Budgeting: Avoid Short Changing Your New Musical

You don't need to be accountant Leo Bloom from The Producers to create a solid budget for your new musical.

For some of you, this may be a no brainer but I thought it was worth mentioning…

Have you ever produced a musical, a workshop or a reading and said, “wow, we have no money!”? While most of us have said that at one time or another, I bet it’s not entirely true. You probably have SOME money (even if it’s a hundred bucks!) and how you budget that money can make or break your project.

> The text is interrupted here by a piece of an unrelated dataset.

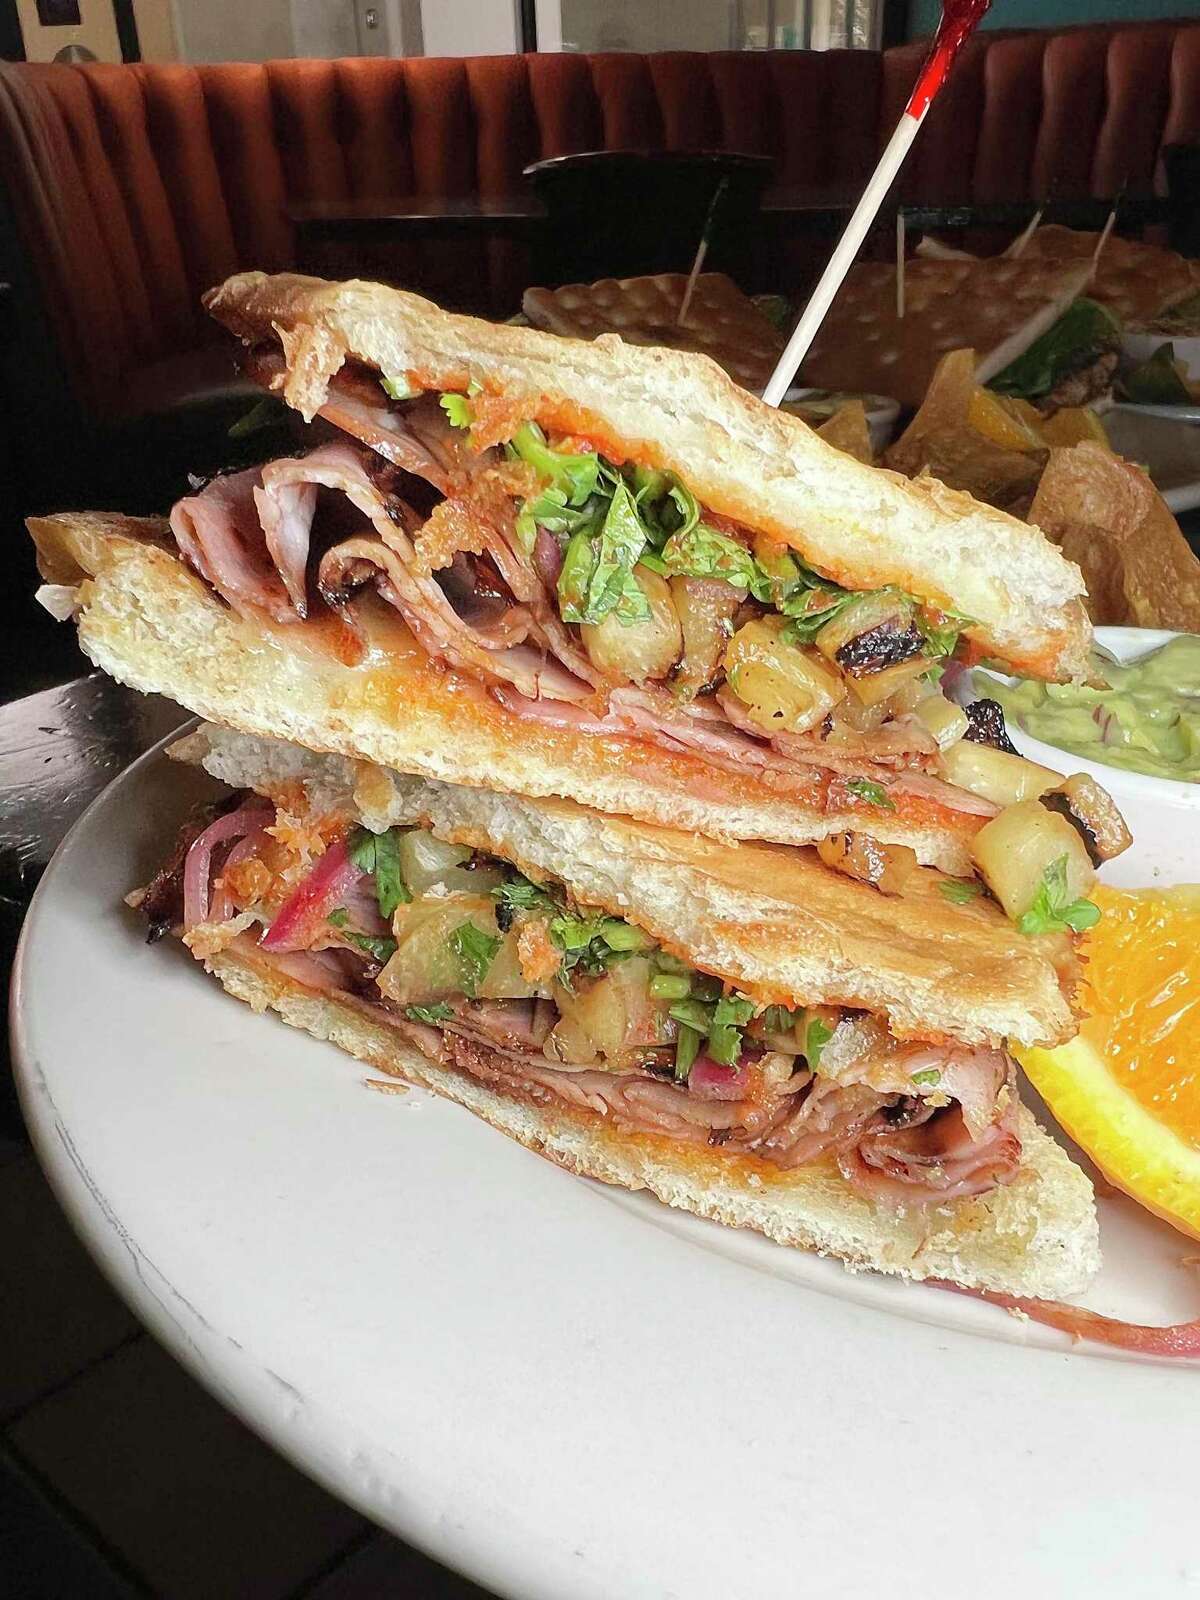 The Spicy Hawaiian sandwich includes grilled ham, pineapple, provolone cheese, cilantro and Sriracha on a bolillo roll at Pam’s Patio Kitchen and Wine Bar.

Try to avoid falling into the trap of zero based budgeting. Zero based budgeting means you start with a budget of $0.00 and try to spend as little as possible along the way. By doing this, you risk setting up your musical project to operate with what they call a “lack” mentality. This can be dangerous because it means that your team has to wrestle with you for every penny. Decisions get made based on what’s cheapest and not what’s best. Not to mention every time you dole out funds you have the anxiety of wondering how much more you’re going to need by the end of the process. Not ideal.

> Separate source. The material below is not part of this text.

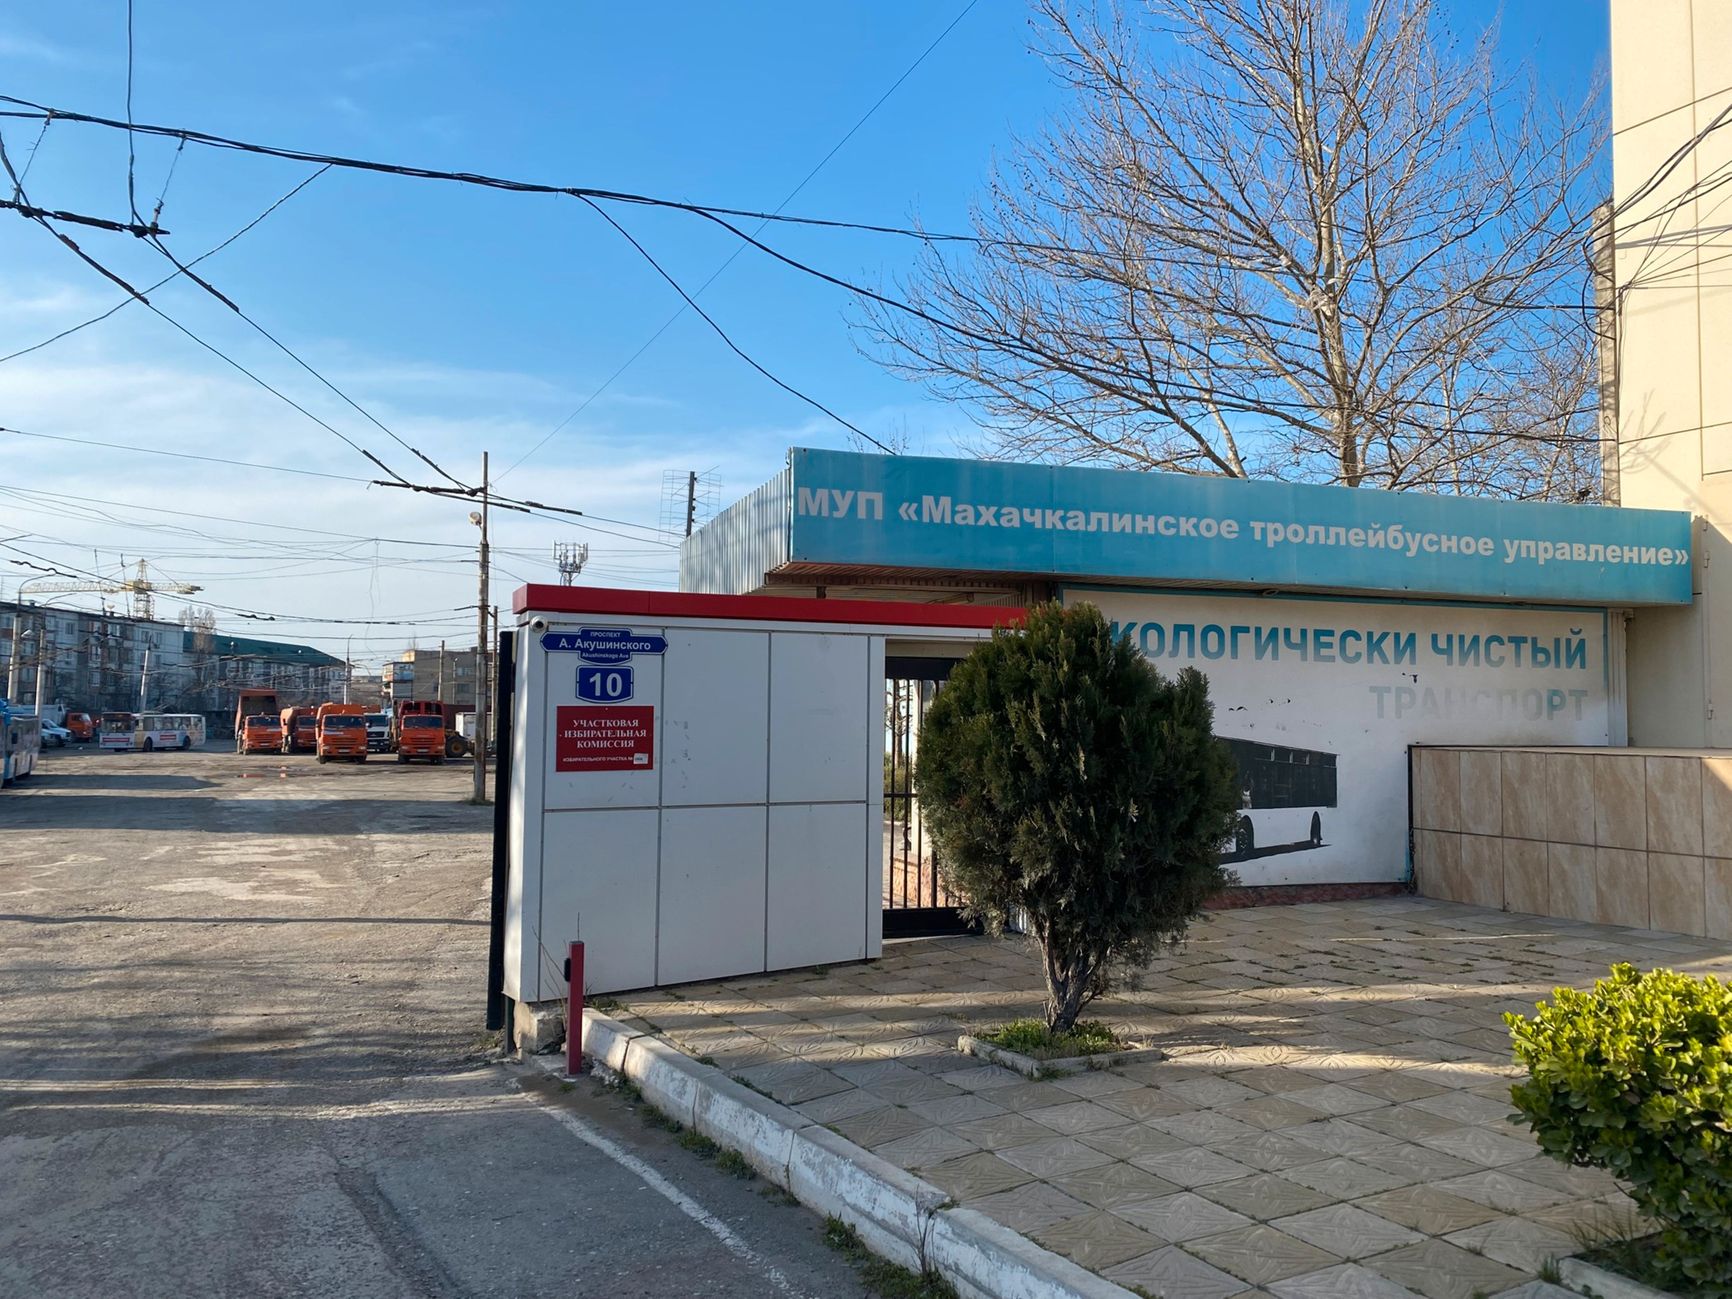 The trolleybus depot in Makhachkala where a mining farm was set up

Alternatively, if you create a budget, even a small one, your team will know what they have to work with in advance. This will allow them to operate with an abundance of creativity within their resources.

Whether it’s $100 or $1,000,000+, figure out how much money you can reasonably come up with and create a budget in advance. It’s amazing how creative your team can get when they spend less time and emotion trying to pry a few dollars from you and more time making the most of what they have to work with.

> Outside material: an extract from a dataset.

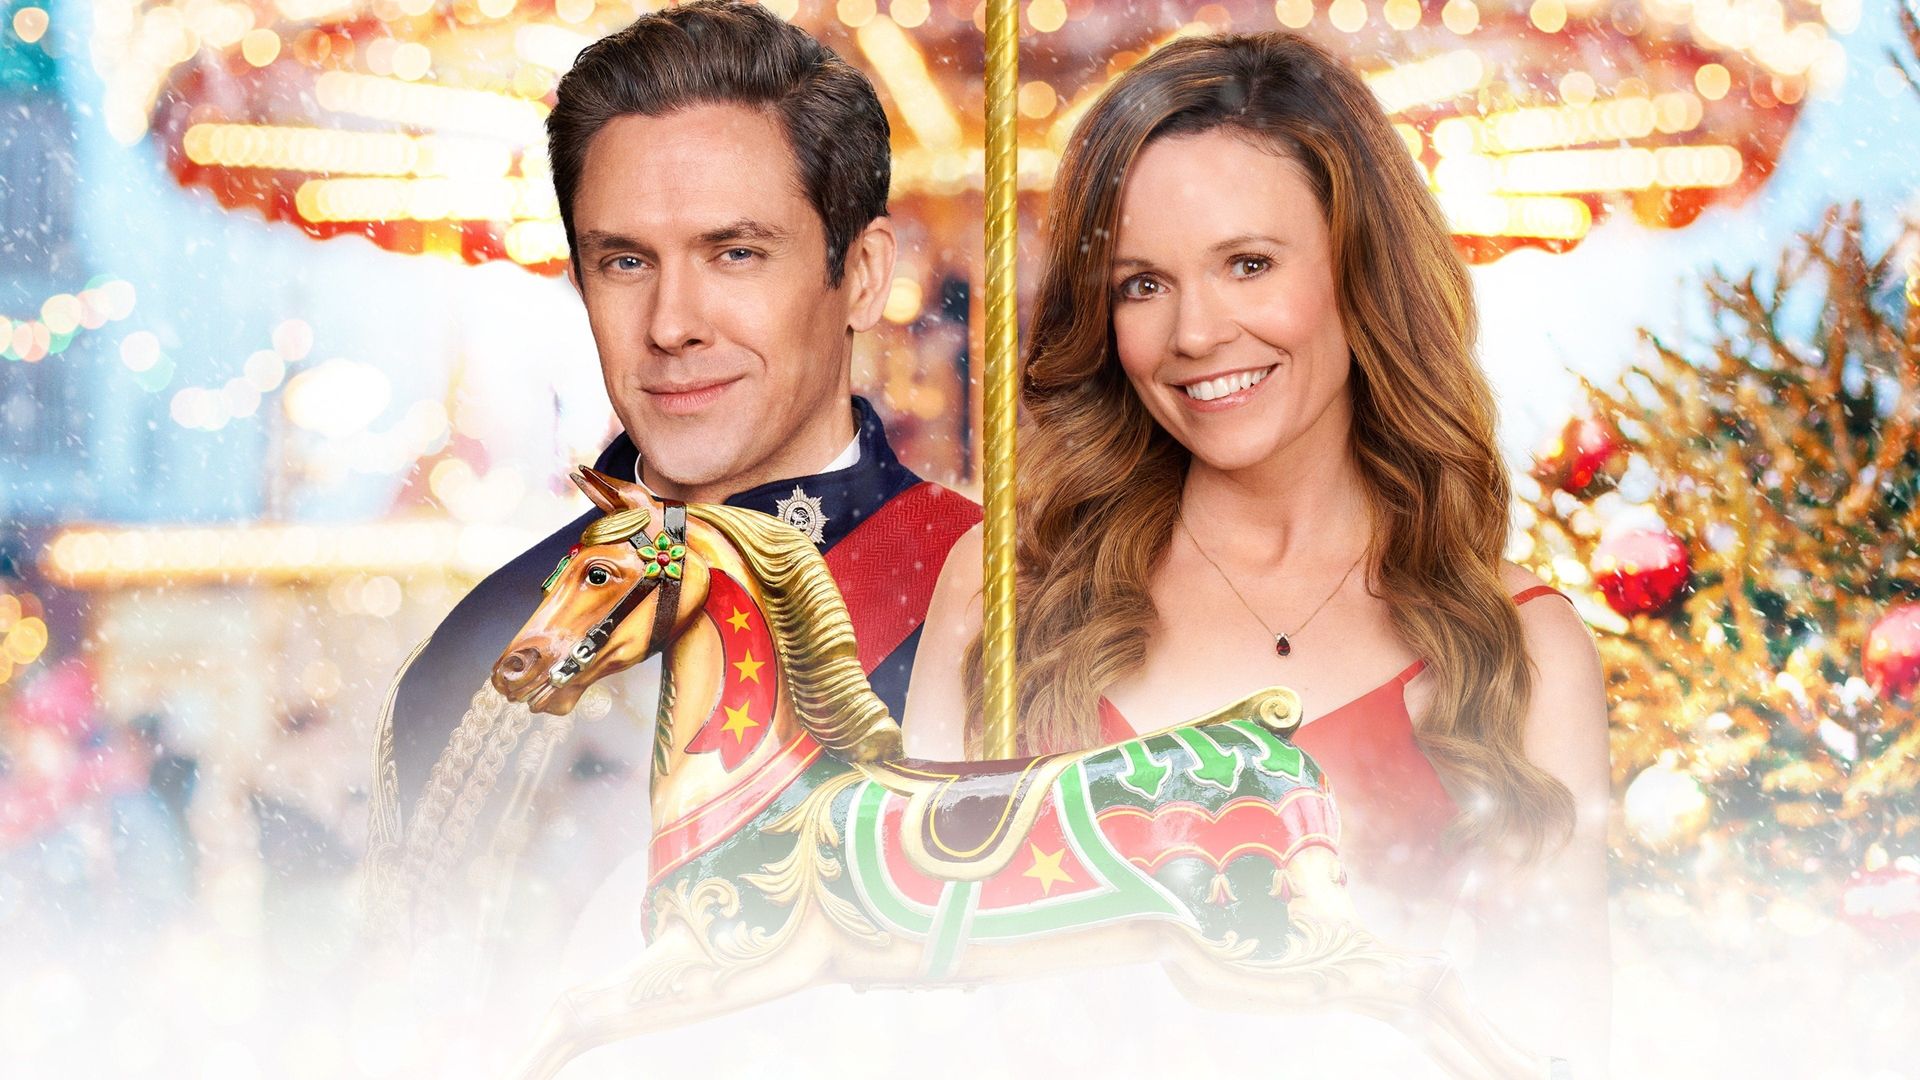 A Christmas Carousel background

Next time you are approaching a musical theater project… lining up your team, nailing down your script, and setting the date and time… I hope you’ll also spend a few thoughtful minutes writing up a budget. I can’t promise you won’t still lose sleep about some aspect of the project but you’ll spend less time thinking about the money and more time thinking about your art.

One Response to Budgeting: Avoid Short Changing Your New Musical

  1. Mz. Trinchero makes a great point here. To perhaps sharpen that point a bit consider your first lemonade stand experience. You concocted an amazing thirst quenching potion of the latest passion drink to hit your block…but nobody came to sample. If you haven’t thought about a marketing strategy for your show (of which you spent years of blood sweat and tears, creating) maybe you should start first… by opening a lemonade stand.